Action item -
Using the records below, write out again exactly the lines that begin at the line containing "Business grinds to" and end at the line containing "A song sparrow", and no other lines.

Records for the exercise -
-- -- --

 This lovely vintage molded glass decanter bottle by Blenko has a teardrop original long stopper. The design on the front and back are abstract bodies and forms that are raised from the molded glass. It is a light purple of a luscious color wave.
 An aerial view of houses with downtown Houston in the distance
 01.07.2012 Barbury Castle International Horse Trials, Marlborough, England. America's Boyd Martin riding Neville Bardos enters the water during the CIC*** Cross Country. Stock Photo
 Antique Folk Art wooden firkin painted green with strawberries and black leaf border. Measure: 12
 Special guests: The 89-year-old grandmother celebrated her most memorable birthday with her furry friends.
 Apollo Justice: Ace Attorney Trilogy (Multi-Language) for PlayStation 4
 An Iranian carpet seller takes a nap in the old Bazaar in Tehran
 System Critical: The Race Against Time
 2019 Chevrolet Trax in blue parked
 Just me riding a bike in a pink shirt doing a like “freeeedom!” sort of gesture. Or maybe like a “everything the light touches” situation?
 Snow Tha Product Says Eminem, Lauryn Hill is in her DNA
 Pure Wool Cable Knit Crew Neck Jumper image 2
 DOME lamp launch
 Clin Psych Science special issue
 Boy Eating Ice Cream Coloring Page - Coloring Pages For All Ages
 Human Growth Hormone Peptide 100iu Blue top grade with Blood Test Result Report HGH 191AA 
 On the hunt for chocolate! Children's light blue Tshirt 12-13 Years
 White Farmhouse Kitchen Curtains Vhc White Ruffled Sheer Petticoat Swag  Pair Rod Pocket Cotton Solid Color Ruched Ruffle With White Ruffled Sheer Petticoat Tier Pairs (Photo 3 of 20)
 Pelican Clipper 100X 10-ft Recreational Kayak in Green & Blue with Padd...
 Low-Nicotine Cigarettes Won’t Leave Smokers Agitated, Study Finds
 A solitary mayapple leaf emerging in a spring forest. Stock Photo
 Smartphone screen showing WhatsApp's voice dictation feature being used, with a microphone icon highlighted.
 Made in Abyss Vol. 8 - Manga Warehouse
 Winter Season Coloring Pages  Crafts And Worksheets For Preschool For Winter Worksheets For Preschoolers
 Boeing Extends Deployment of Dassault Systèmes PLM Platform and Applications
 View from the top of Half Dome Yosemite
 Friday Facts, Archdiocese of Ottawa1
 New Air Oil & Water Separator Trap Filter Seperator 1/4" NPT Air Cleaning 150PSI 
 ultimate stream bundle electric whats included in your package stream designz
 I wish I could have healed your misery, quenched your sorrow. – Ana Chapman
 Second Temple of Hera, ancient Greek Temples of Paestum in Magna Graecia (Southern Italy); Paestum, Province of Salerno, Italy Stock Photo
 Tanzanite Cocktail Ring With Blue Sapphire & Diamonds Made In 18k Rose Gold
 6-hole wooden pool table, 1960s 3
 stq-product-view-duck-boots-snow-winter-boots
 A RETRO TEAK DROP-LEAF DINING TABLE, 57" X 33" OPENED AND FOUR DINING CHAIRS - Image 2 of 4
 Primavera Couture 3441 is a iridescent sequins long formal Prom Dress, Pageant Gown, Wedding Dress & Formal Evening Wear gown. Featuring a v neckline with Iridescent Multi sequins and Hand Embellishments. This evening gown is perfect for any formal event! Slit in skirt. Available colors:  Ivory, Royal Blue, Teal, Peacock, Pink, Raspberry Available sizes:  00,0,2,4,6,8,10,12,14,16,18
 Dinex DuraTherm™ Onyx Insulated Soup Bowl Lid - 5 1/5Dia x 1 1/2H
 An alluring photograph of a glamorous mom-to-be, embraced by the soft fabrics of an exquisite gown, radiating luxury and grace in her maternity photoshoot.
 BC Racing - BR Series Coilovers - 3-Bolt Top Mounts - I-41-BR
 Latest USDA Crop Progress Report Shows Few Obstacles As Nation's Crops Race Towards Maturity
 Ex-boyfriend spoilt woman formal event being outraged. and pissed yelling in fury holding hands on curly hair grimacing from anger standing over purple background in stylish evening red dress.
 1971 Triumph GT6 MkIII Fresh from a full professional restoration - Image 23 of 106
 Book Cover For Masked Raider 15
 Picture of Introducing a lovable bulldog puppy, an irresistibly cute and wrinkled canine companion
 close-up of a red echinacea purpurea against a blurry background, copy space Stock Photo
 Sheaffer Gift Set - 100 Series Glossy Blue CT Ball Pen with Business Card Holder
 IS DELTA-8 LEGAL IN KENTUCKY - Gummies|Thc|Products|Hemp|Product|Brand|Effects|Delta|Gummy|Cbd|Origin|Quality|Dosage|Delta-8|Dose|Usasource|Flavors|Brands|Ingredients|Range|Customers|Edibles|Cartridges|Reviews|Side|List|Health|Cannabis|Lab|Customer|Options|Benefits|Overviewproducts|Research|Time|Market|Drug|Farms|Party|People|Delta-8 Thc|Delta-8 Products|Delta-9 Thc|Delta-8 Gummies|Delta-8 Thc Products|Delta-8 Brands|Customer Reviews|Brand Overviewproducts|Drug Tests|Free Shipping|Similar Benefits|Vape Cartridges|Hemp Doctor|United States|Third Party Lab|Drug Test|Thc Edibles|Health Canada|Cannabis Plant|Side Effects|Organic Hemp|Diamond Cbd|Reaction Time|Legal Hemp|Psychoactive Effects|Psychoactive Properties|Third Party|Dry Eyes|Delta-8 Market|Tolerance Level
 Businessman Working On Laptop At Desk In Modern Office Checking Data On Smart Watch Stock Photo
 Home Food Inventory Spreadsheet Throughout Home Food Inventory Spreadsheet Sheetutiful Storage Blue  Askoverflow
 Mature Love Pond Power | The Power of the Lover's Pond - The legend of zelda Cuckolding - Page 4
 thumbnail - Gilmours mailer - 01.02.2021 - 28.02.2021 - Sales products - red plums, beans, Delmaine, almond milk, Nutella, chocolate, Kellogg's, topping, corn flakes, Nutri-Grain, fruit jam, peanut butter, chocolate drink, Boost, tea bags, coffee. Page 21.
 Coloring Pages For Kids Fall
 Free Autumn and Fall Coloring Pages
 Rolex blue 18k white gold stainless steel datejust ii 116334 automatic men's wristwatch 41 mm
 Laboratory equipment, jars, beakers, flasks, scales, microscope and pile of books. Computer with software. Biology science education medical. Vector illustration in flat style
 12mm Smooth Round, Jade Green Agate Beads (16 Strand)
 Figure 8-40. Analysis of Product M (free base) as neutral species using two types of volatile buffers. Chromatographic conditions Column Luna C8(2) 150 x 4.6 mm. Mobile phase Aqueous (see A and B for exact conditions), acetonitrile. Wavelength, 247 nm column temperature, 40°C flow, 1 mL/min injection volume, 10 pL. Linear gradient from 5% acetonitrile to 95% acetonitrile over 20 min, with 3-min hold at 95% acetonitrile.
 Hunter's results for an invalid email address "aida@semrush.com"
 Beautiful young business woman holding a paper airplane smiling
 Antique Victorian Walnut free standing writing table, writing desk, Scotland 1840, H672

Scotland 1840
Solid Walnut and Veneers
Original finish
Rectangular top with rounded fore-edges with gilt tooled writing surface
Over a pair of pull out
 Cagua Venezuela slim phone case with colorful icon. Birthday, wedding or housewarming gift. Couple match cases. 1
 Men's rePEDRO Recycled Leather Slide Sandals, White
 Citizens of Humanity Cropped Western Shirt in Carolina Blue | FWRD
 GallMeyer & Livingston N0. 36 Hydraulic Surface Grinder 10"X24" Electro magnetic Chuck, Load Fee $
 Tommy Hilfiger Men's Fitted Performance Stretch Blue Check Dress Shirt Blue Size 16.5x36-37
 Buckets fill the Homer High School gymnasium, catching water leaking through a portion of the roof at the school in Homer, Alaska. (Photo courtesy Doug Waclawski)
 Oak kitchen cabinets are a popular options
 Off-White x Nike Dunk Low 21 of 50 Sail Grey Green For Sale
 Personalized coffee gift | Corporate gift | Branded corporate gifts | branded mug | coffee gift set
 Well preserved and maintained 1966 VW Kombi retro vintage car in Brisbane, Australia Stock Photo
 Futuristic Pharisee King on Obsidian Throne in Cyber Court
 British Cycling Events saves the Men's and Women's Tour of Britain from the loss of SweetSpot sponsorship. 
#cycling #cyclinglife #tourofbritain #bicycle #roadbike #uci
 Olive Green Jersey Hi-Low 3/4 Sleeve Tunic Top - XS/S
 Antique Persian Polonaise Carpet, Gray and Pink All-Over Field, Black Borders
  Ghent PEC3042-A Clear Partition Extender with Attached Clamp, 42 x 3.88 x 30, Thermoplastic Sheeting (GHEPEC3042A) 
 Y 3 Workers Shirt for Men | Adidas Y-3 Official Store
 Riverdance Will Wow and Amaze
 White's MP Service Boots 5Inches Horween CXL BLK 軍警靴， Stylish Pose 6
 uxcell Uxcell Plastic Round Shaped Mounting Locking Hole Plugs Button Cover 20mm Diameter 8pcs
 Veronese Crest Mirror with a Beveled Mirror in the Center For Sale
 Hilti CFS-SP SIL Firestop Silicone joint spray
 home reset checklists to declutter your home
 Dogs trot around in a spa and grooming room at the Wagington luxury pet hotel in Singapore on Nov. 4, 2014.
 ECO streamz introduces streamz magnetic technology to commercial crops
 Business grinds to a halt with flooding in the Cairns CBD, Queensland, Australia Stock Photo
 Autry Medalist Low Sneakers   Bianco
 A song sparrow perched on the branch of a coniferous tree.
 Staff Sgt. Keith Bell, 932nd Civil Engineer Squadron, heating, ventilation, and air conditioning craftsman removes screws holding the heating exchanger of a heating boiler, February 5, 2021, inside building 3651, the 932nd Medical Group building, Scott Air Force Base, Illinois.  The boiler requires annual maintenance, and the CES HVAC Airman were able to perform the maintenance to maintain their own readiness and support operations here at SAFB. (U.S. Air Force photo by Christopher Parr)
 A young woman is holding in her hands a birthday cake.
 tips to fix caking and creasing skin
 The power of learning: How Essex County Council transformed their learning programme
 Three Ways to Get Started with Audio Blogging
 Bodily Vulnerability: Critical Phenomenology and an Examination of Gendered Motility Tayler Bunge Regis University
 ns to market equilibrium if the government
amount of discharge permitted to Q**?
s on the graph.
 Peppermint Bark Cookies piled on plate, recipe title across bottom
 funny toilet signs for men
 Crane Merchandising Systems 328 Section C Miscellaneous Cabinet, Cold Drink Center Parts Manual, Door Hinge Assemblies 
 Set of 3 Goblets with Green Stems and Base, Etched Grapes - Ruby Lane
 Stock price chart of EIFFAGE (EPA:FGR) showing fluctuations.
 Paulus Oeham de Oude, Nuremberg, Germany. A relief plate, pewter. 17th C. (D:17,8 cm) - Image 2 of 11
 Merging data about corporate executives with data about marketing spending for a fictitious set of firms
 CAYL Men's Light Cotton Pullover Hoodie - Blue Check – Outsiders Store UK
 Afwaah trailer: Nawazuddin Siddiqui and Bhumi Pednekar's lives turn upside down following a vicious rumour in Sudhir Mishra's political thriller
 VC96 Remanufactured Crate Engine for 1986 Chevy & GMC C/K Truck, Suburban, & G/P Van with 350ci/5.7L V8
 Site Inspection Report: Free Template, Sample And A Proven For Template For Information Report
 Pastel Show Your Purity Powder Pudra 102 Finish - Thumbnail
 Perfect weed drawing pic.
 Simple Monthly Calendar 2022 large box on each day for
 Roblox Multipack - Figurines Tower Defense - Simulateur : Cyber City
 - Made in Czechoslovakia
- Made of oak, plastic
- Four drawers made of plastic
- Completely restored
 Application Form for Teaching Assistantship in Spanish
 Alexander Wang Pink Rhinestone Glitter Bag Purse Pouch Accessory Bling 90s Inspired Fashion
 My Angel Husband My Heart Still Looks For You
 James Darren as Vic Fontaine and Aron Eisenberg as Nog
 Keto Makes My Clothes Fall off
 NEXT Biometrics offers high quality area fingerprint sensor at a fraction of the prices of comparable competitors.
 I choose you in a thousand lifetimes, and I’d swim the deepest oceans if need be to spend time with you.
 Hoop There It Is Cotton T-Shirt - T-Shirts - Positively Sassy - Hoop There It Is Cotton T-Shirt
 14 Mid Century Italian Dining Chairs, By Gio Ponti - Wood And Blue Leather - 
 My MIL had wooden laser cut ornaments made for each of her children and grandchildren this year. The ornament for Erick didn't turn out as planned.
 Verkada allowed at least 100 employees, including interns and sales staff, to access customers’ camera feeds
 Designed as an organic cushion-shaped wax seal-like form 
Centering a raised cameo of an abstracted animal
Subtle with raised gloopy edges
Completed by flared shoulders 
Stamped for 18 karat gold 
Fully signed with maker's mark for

-- -- --

The answer -
 Business grinds to a halt with flooding in the Cairns CBD, Queensland, Australia Stock Photo
 Autry Medalist Low Sneakers   Bianco
 A song sparrow perched on the branch of a coniferous tree.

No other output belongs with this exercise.